There’s social justice and there’s transformation - and while racial quotas may address the former, they’re not going to transform South Africa, said Professor Jonathan Jansen.

“Most of us don’t invest in that second part,” the University of the Free State vice-chancellor told students of the Cape Peninsula University of Technology’s business faculty on Friday. “Unless we do both, this country will be in serious trouble.”

Jansen said social justice had to with correcting the wrongs of the past, while transformation was about the future, a quantitative change versus a qualitative change.

“Returning land to black communities is social justice,” he said. “But changing the hearts and minds of white farmers so that they understand why this needs to be done, that’s transformation.

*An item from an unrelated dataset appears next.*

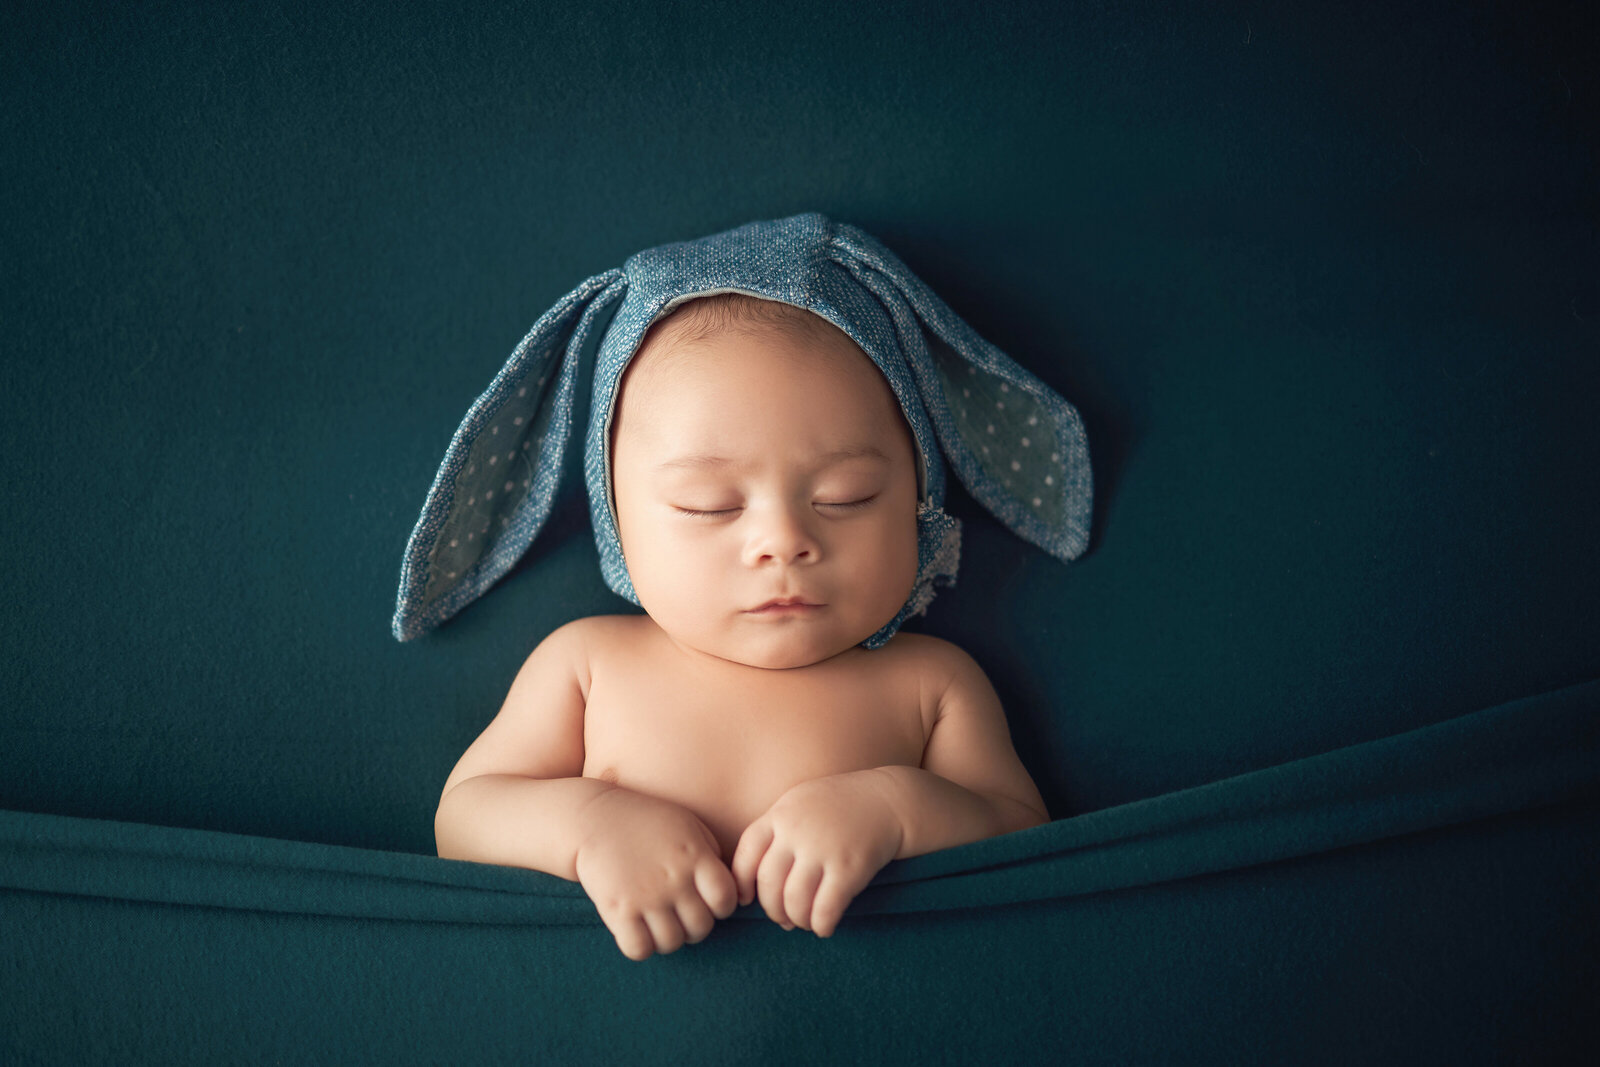 atlanta-best-award-winning-newborn-wrapped-blue-teal-milestone-bunny-ears-month-months-boy-baby-portrait-studio-photography-photographer-twin-rivers-01

“Increasing the number of black people in upper management: that’s social justice. But transformation is making sure you have the right black people in those positions.”

And while race-based university quotas made sense in terms of social justice, they didn’t in terms of transformation.

“That’s not how you build social cohesion in a fractured country,” Jansen told the students. “These two trains are about to collide. You can’t in pursuing one objective undermine another.”

Race is a social construct, he said: “We can’t use apartheid categories to rebuild society. We have to find a different way of getting there.”

Jansen suggested quotas instead be based on socio-economic circumstances. It would still improve the racial demographics in universities because of the division of wealth in the country, but would help in moving away from race-based thinking.

He implored students to raise their children “normally”, surrounded by different races and cultures.

“Be very careful what you tell them. Live a life that shows you’re not ethnic or tribalist in your thinking… We need to inscribe on the imagination of our youth a different way of thinking about each other.”

Jansen described tribalist politics of the “our-time-to-rule” type as “moronic”.

“And if you don’t understand that, then you don’t understand how Rwanda happened. Then you don’t understand how Zimbabwe happened, or how the American South happened.”

When one audience member brought up the university’s pardoning of the Reitz Four - a group of four UFS students who, in 2007, filmed a group of cleaning staff undergoing a series of humiliating tasks - Jansen used it to illustrate his point.

“They appeared in criminal and civil courts - that was the social justice,” he explained. “Then, what is next? Do you leave four racists on the streets of the Free State to continue doing that? Or do you bring them in and work with them? We only allowed them back into the university after the workers forgave them and said, ‘Bring them back, they’re our children.’ That’s transformation.”